Although certainly more a victim of the second than the first, Air America was a little bit of both. At times it was far more interested in simply shilling for the Democratic Party rather than discussing a transpartisan progressive agenda, and - as Goldberg says - almost all the time it suffered from a lack of basic resources.
I'll add one other problem that I think Goldberg doesn't fully address, but that is related to this problem in progressive media. As I alluded to in an earlier post, many progressive media suffer from a simple lack of talent and talent incubation.
As many program directors and just casual media consumers will tell you, many progressive media voices don't seem to fully grasp the audience's desire for a mix between "political" and "non-political" content. Some call this an entertainment gap - the idea that progressive writers and talk show hosts just aren't "entertaining." Call it whatever you want, but I do think it is very real.
Too many progressive media voices believe the average media consumer makes a distinction between "political" content and "non-political" content, and that the way to match the right is to simply yell louder. And while volume/capacity is certainly one reason conservative media has done well, so is conservative media's attention to the mass audience's sensibilities.
Here's the truth: The "political"/"non-political" distinction that hard-core progressive activists make is not a distinction that most of the general mass audience makes. The average non-political person out there just wants compelling content - and I'm sorry to say that when you turn on your radio dial or television (as just two examples) you don't get much of that from the progressive voices out there. You certainly get important facts and information, and you are getting some more progressive voices yelling louder...but compelling, entertaining content? It's really rare - and becoming more rare.
Let me end by saying that nobody is perfect, of course. I can speak for myself in saying I'm trying my damndest to learn and implement these lessons on my AM760 morning radio show here in Colorado and in my writing but I'm certainly not perfect - not even close. What I am trying to be, at least, is cognizant - cognizant that if progressive media is going to reach a broader audience than just hard-core progressives, we must understand that audience, and not just scream more loudly at them.
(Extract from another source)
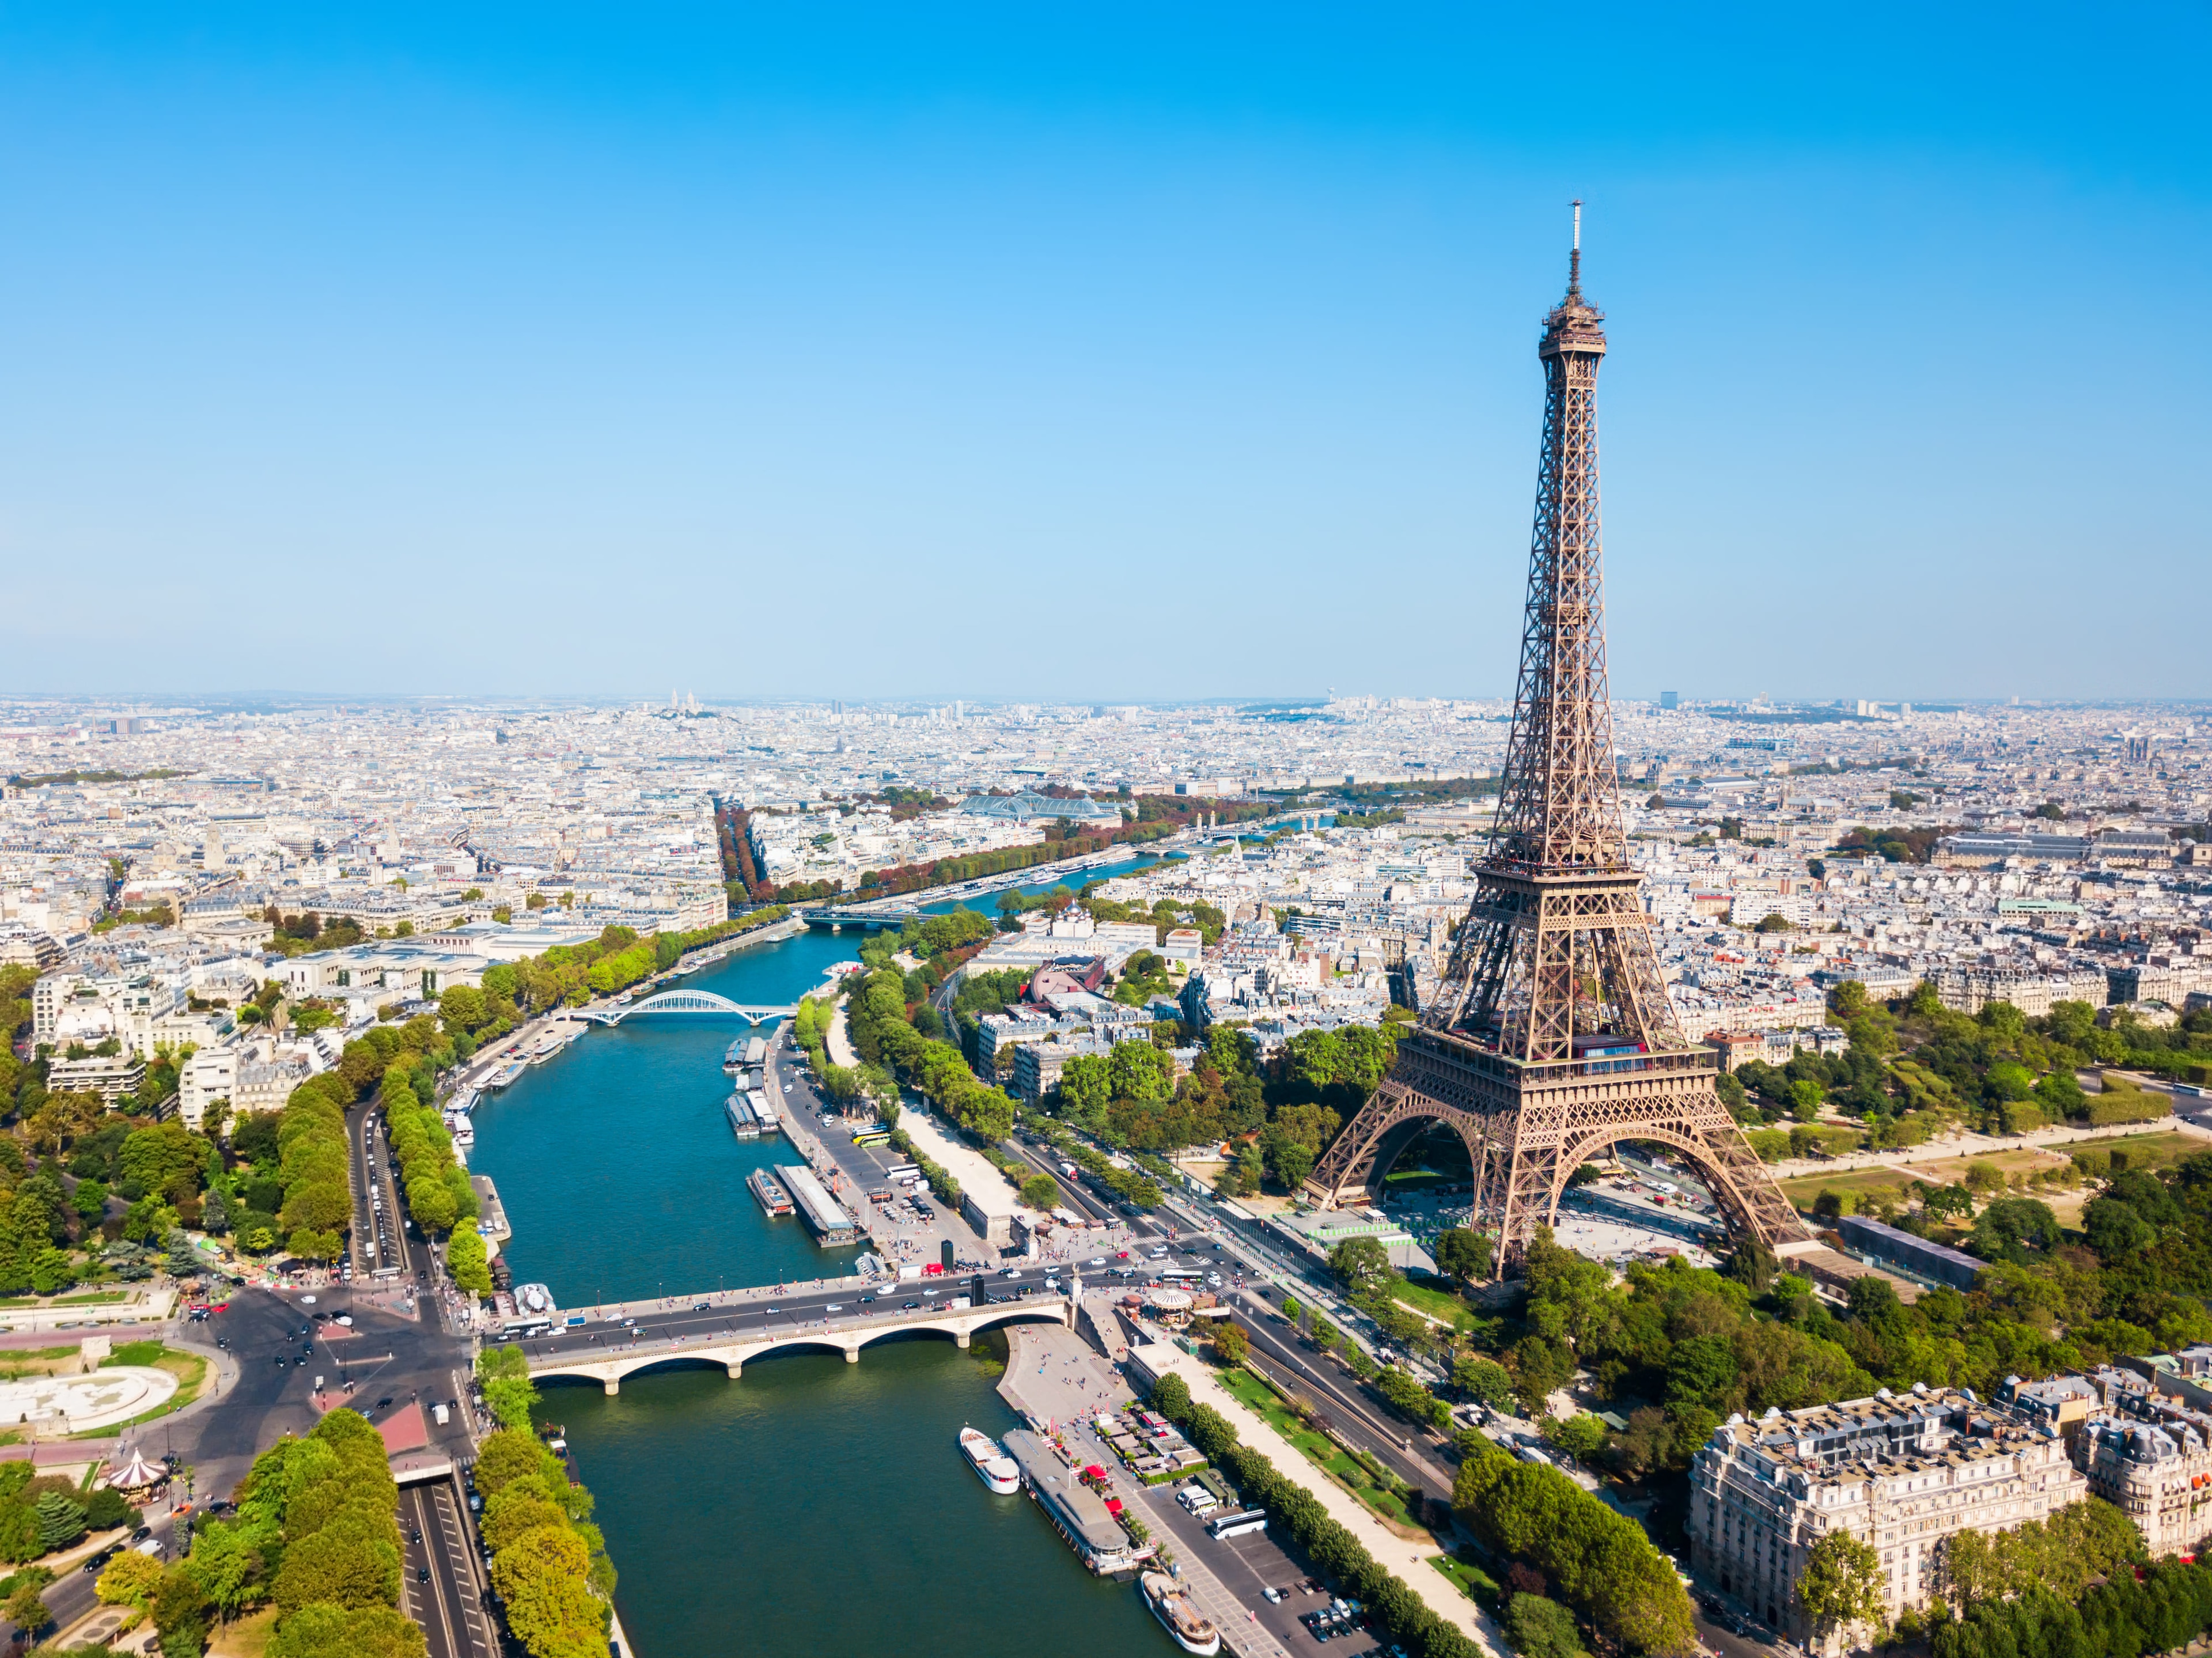 How many Eiffel Towers are there in the world?

And so I've tried to mix in discussions of policy with discussions of culture, movies, music and all the other forces in society that don't fit neatly into the "political" silo. Sure, I've been predictably criticized by some hard-core progressive activists for this (sidenote: the conservative claim that a portion of the hard-core progressive base is absolutely - and repulsively - humorless has some truth to it). But I think I've started to reach a broader audience.
That will ultimately be the key to success -- not just for me, but for every progressive working in media. To get there, we must understand that we're probably not going to get the kind of financial support that conservatives get, because of the differences in conservative and progressive donors. But I think, despite the odds, we can get there, as long as we understand the challenges ahead.
* It is important to understand that the traits displayed by individual donors are similar to those displayed by institutional donors, because institutional donors are headed by individuals with much the same self-interest. It's not that, say, a union leader is as rich as a Democratic multimillionare Wall Street donor and wants to protect his/her own personal bank account - but it is that the union leader can, individually, be just as much of a politician starfucker and therefore just as uncommitted to genuine progressive principles as that multimillionaire.